- Born: Durban, KwaZulu-Natal, South Africa
- Occupations: financial analyst; Model; beauty pageant titleholder;
- Spouse: Craig Mooi ​(m. 1992)​
- Beauty pageant titleholder
- Title: Mrs
- Hair colour: Black
- Eye colour: Brown
- Major competitions: Mrs. South Africa 2015 (1st princess); Mrs. Globe 2015; (winner)

= Riana Mooi =

South African beauty queen, Mrs. Globe 2015 winner

Riana Mooi is a South African risk manager in the financial services industry, model, and beauty pageant titleholder who was crowned Mrs. Globe 2015. Mooi had previously been runner-up at Mrs. South Africa 2015. She is the first woman from South Africa to win the Mrs. Globe title.

== Personal life ==
Mooi was married to Craig Mooi and the couple have two children Brad (born 1992) and Dilon (born 1997).

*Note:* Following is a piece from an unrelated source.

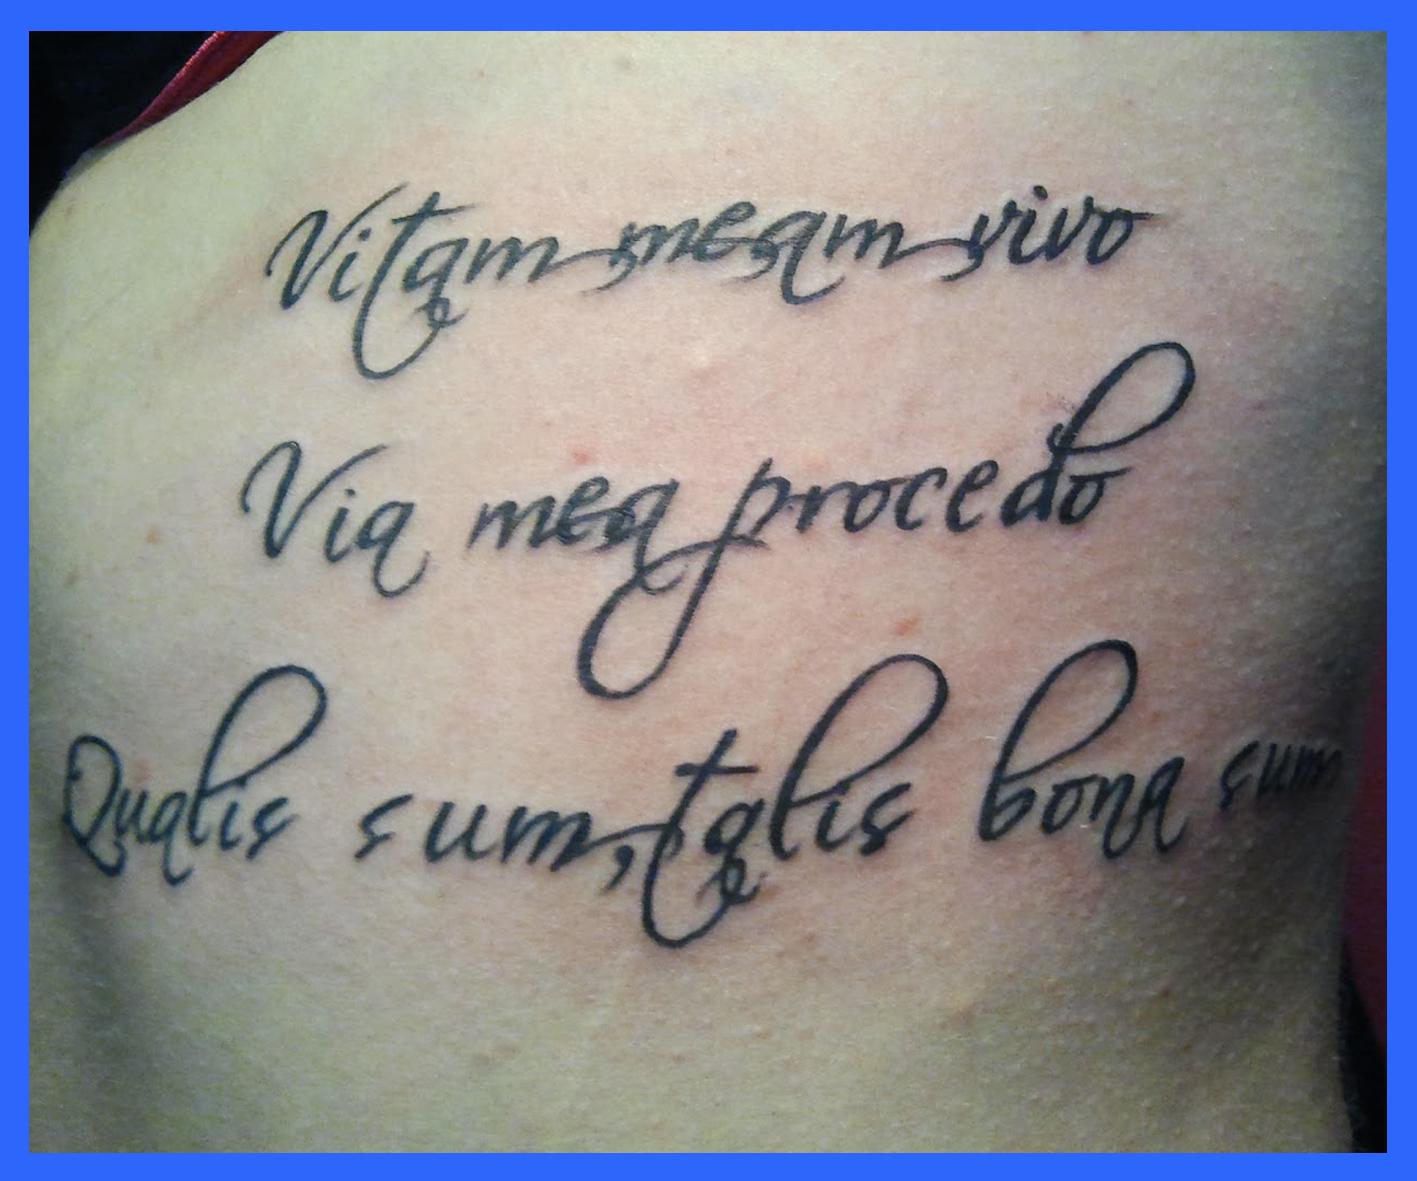 El Tatuaje En Salamanca Estudios Tatuajes Y Tatuadores Letras - Letras-en-latin-para-tatuajes

She holds a Bachelor of Commerce degree from the University of South Africa and a Master of Philosophy degree from Stellenbosch University.

== Pageantry ==

=== Mrs. South Africa 2015 ===
Mooi was first princess to Mrs. South Africa 2015 winner Sarah-Kate Seaward from Hartbeespoort.

=== Mrs. Globe 2015 ===
She was selected as Mrs. Globe South Africa 2015 with the country sending a representative to the competition for the first time in 18 years. She was crowned Mrs. Globe 2015.